Keywords: Low-Field MRI, Low-Field MRI

Motivation: 0.55T MRI may be a promising platform for quantitative multiparametric liver imaging with improved cost-effectiveness and robustness.

Goal(s): This study demonstrates the feasibility of rapid free-breathing 3D MRI of the liver with simultaneous quantification of PDFF, R2*, and water-specific T1 at 0.55 Tesla.

Approach: We tested free-breathing GraspT1-Dixon sequence with in vivo experiment and the quantitative maps are validated using R2* and PDFF phantoms.

Results: We show that (1)the estimated parameters are accurate; (2)the influence of fat on liver T1 mapping can be effectively mitigated to ensure accurate and robust T1 quantification; and (3)R2* mapping may be insensitive to respiratory motion at 0.55T.

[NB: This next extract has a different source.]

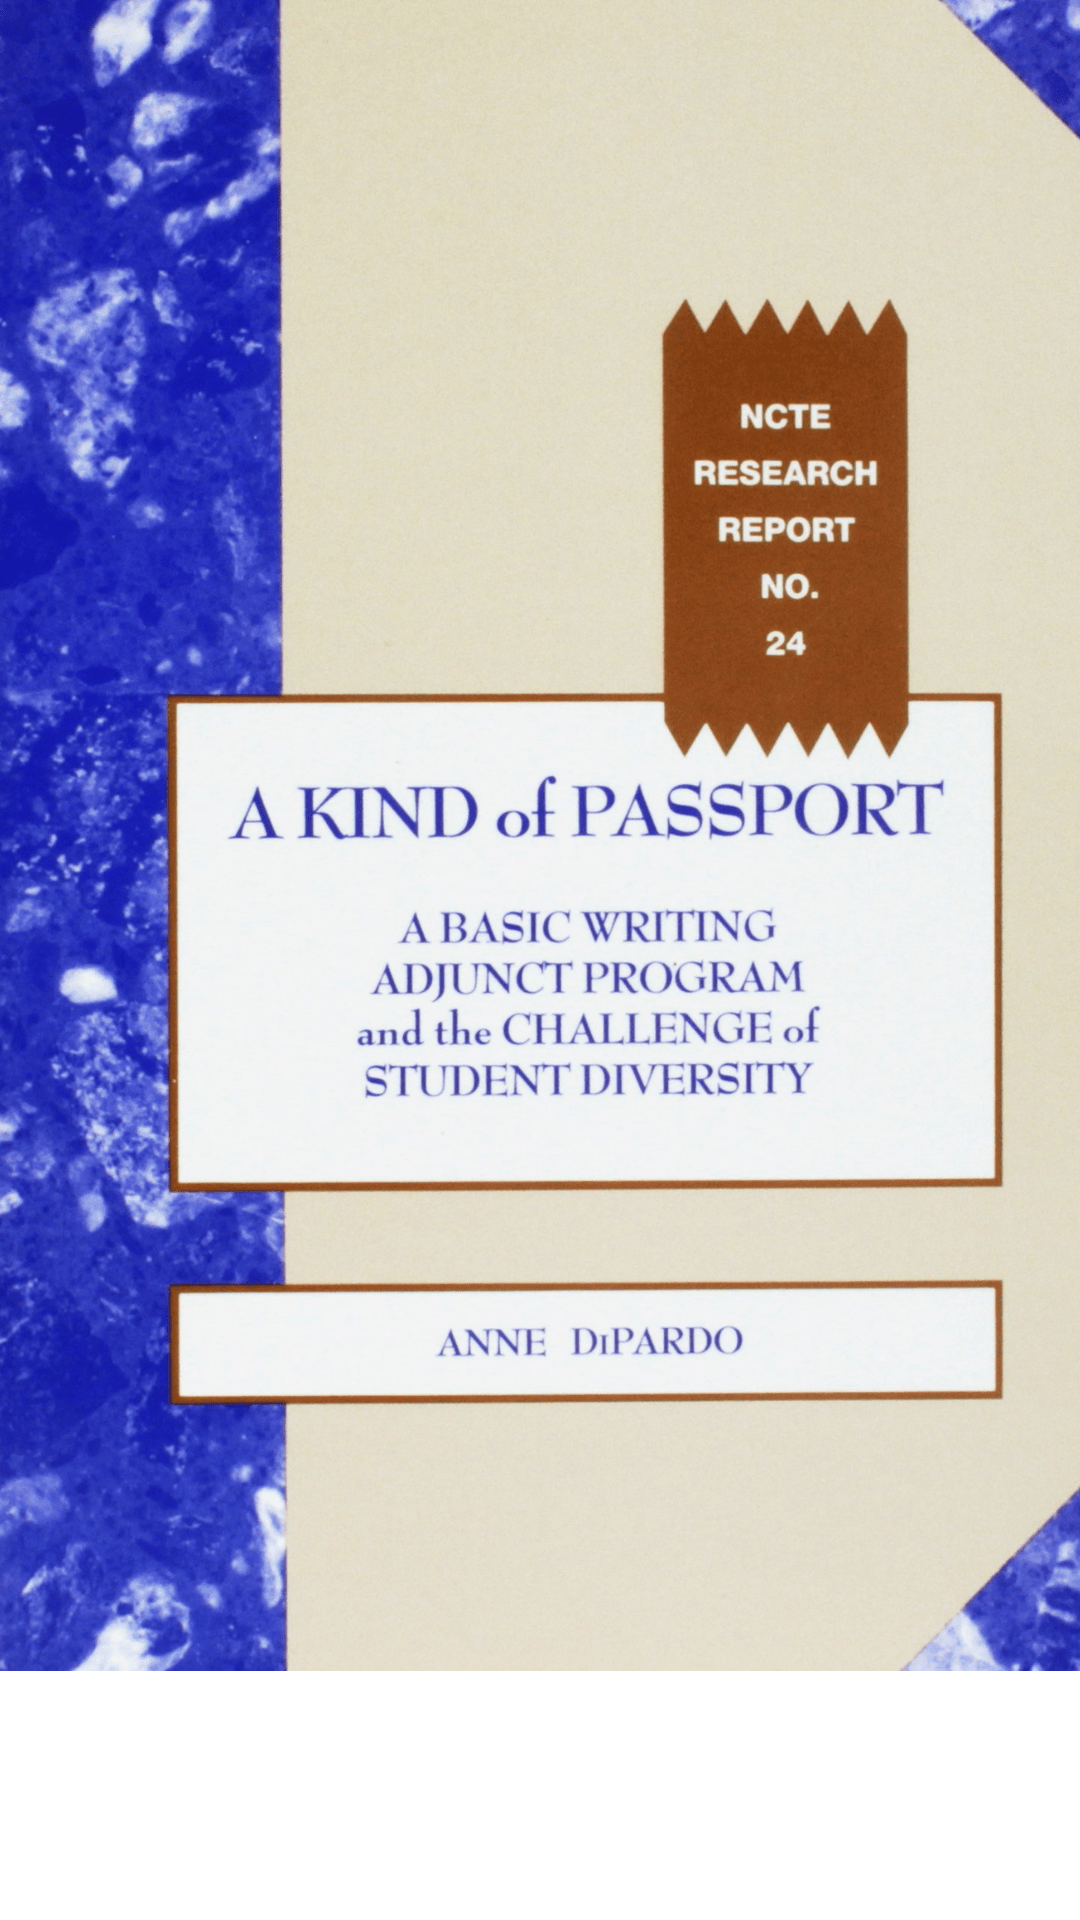 A Kind of Passport: A Basic Writing Adjunct Program and the Challenge of Student Diversity
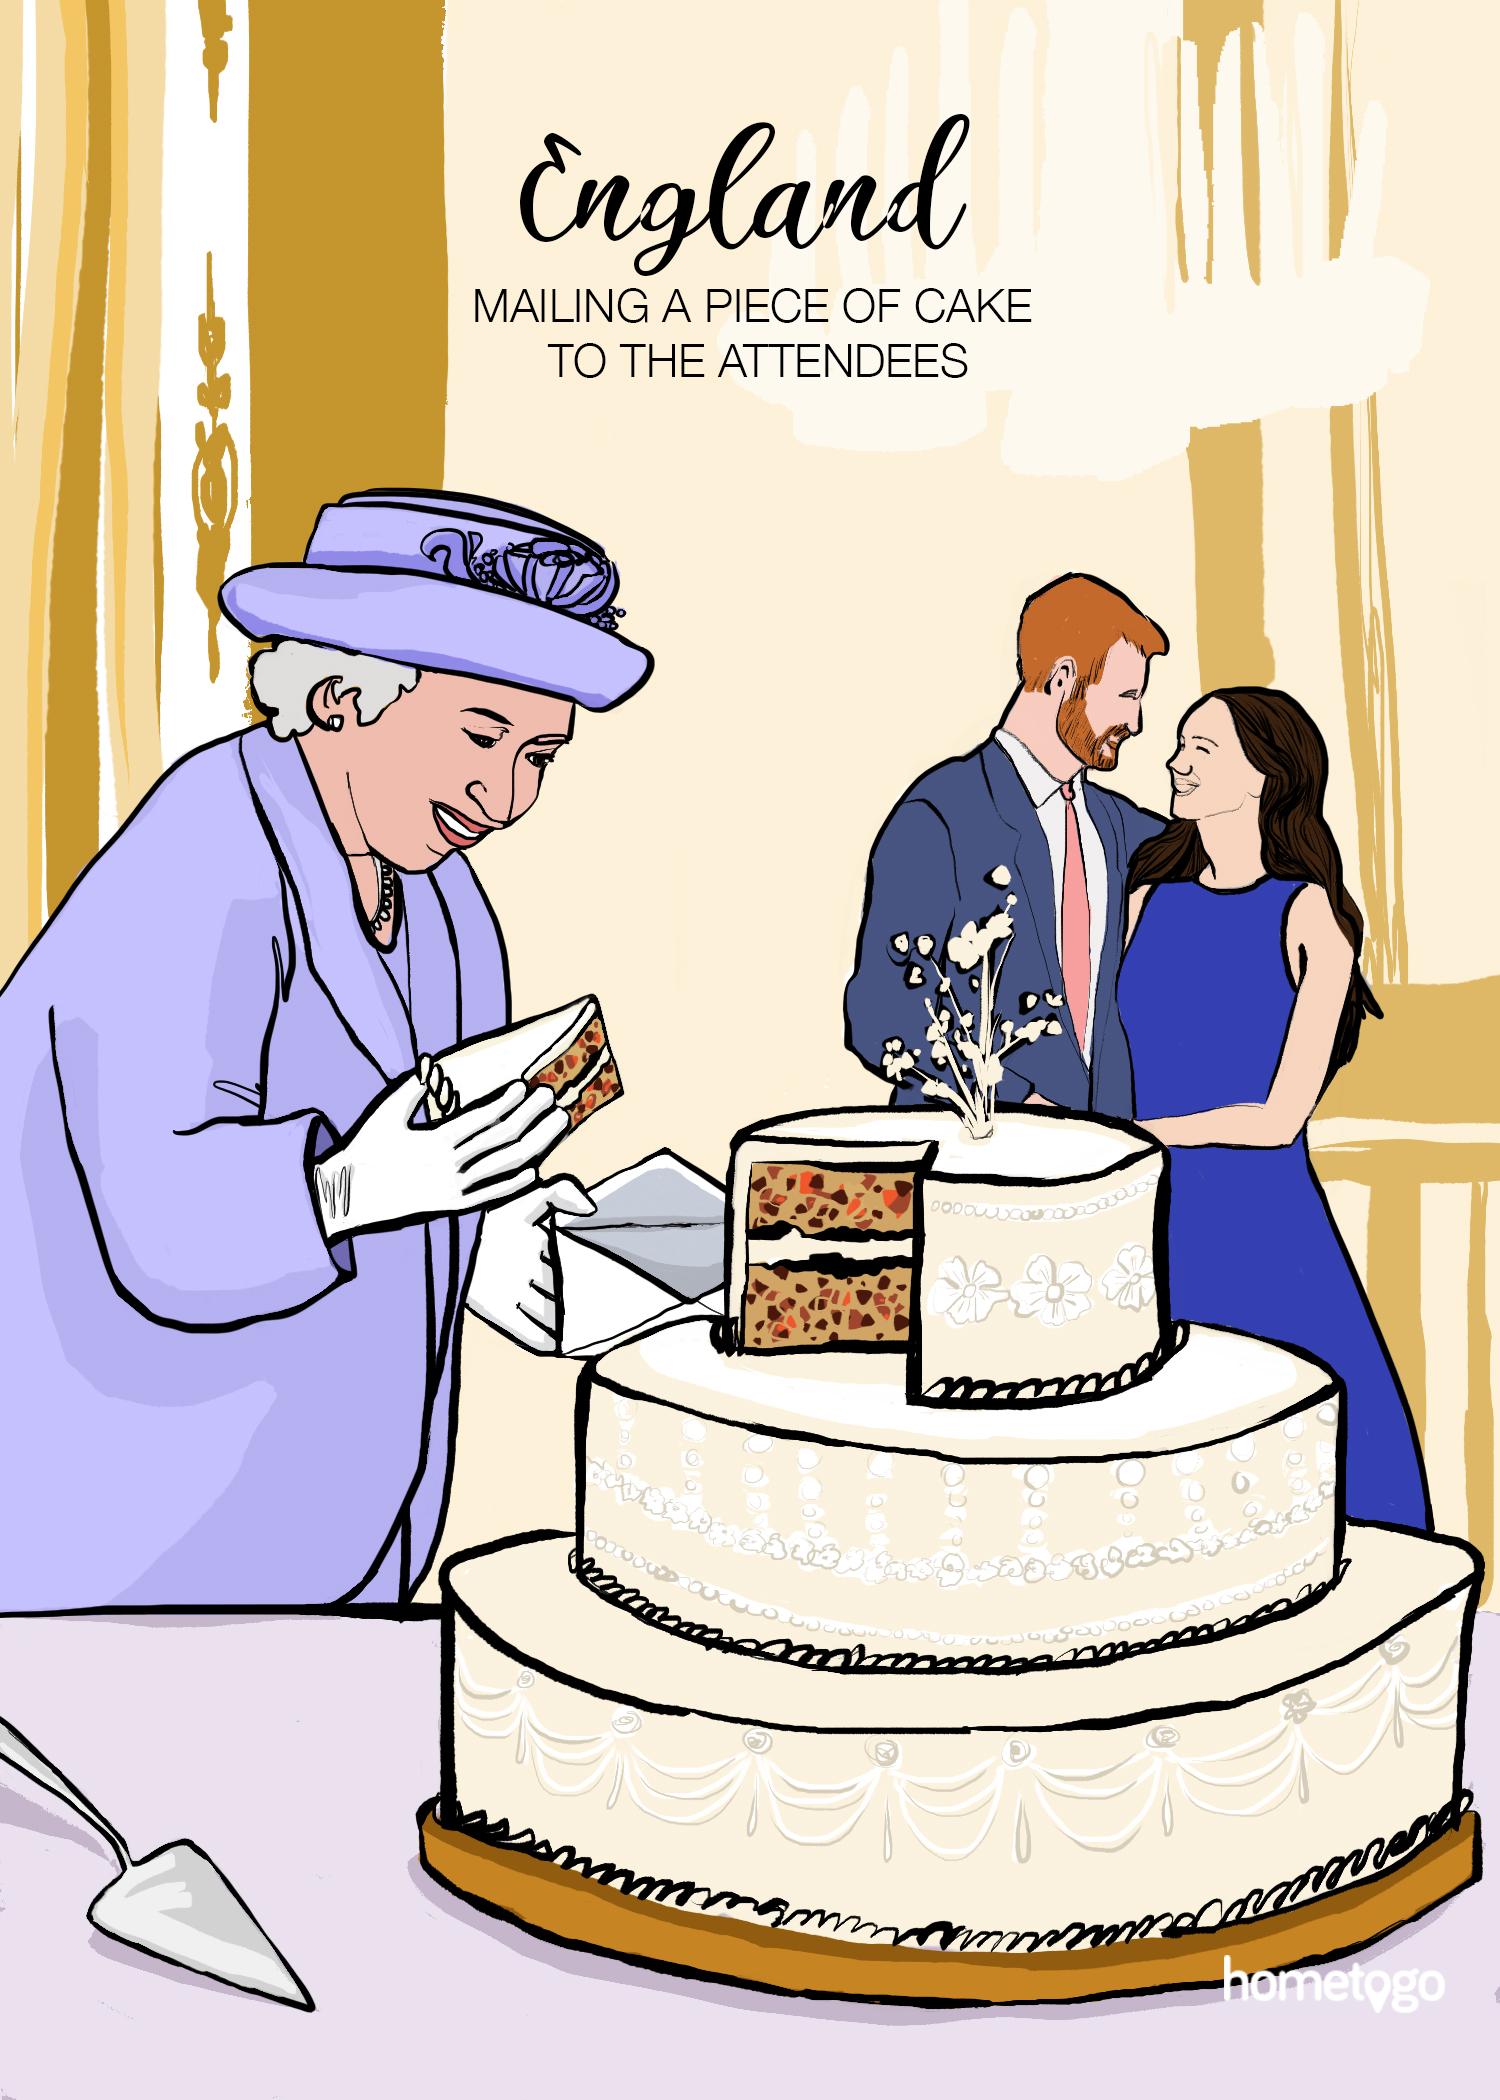 Illustration featuring the wedding custom from the royal wedding, where attendees are mailed a piece of cake after the celebration

Impact: 0.55T MRI offers a cost-effective platform for quantitative multiparametric MRI of the liver to improve the management of various chronic disease conditions. In particular, the improved magnetic field homogeneity at 0.55T may enable more robust estimation of R2* maps.

Introduction

Quantitative MRI holds great promise in improving the identification and characterization of chronic liver diseases. MRI-derived biomarkers such as proton density fat fraction (PDFF) and T2* (or R2*) have been well established for quantitative assessment of liver fat and iron depositionp[1,2]. T1 relaxation is another MRI parameter that may offer value as biomarker for inflammation and fibrosis[3]. Recent studies have shown that water-specific T1 mapping may enable more accurate T1 estimation in the liver[4–8]. The purpose of this work was to develop and test a rapid free-breathing 3D MRI technique for simultaneous quantification of PDFF, R2*, and water-specific T1 of the liver in ~5 minutes at 0.55 Tesla.

Methods

Rapid Free-Breathing 3D Quantitative MRI
The proposed technique, called GraspT1-Dixon, employs an inversion-recovery (IR)-prepared 3D golden-angle stack-of-stars sequence with advanced iterative reconstruction that enforces combined low-rank subspace and spatiotemporal sparsity constraints8–10. During data collection, the IR preparation is periodically applied, followed by multi-echo acquisition to achieve fat/water separation at different inversion times (TIs). This enables simultaneous estimation of the PDFF, R2*, and water-specific T1 relaxation in a single scan.

Phantom Experiments
Phantom studies were performed on a clinical 0.55T MRI scanner (MAGNETOM Free.Max, Siemens Healthineers) for validating the R2* and PDFF estimation using a commercial fat-free R2* phantom (FerriScan Phantom Pack) and a commercial fat/water-mixed phantom (Calimetrix, Madison, WI). Imaging parameters for GraspT1-Dixon were as follows: FOV=380x380, matrix size=192x192, slice thickness=6mm, number of slices=16, number of echoes=6, TR/TE1/ΔTE/TE6=14.7/1.96/2.15/12.7ms, flip angle=5°, number of IR preparations=40, and total acquisition time (TA)=5:12 min.
For comparison, two regular multi-echo stack-of-stars acquisitions without IR preparation were performed. The first scan used identical imaging parameters to GraspT1-Dixon, resulting in a shorter scan time of 3:34 min. The second scan used larger echo spacing with TR/TE1/ΔTE/TE6=32/2/5.6/30ms and TA=7:46 min.

In-Vivo Experiments
In-vivo data were collected from three human subjects: one dataset using a 0.55T Free.Max system, and another dataset using a prototypic 0.55T system (ramped-down MAGNETOM Aera, Siemens Healthineers). Imaging parameters for GraspT1-Dixon scans were kept consistent with the phantom experiments, except for a shorter TR (14ms) and TA (5:00 min). In addition, non-IR multi-echo stack-of-stars scans were performed using the same imaging parameters as GraspT1-Dixon, with periodically inserted 2D navigators to enable motion compensation. All data were acquired during free breathing.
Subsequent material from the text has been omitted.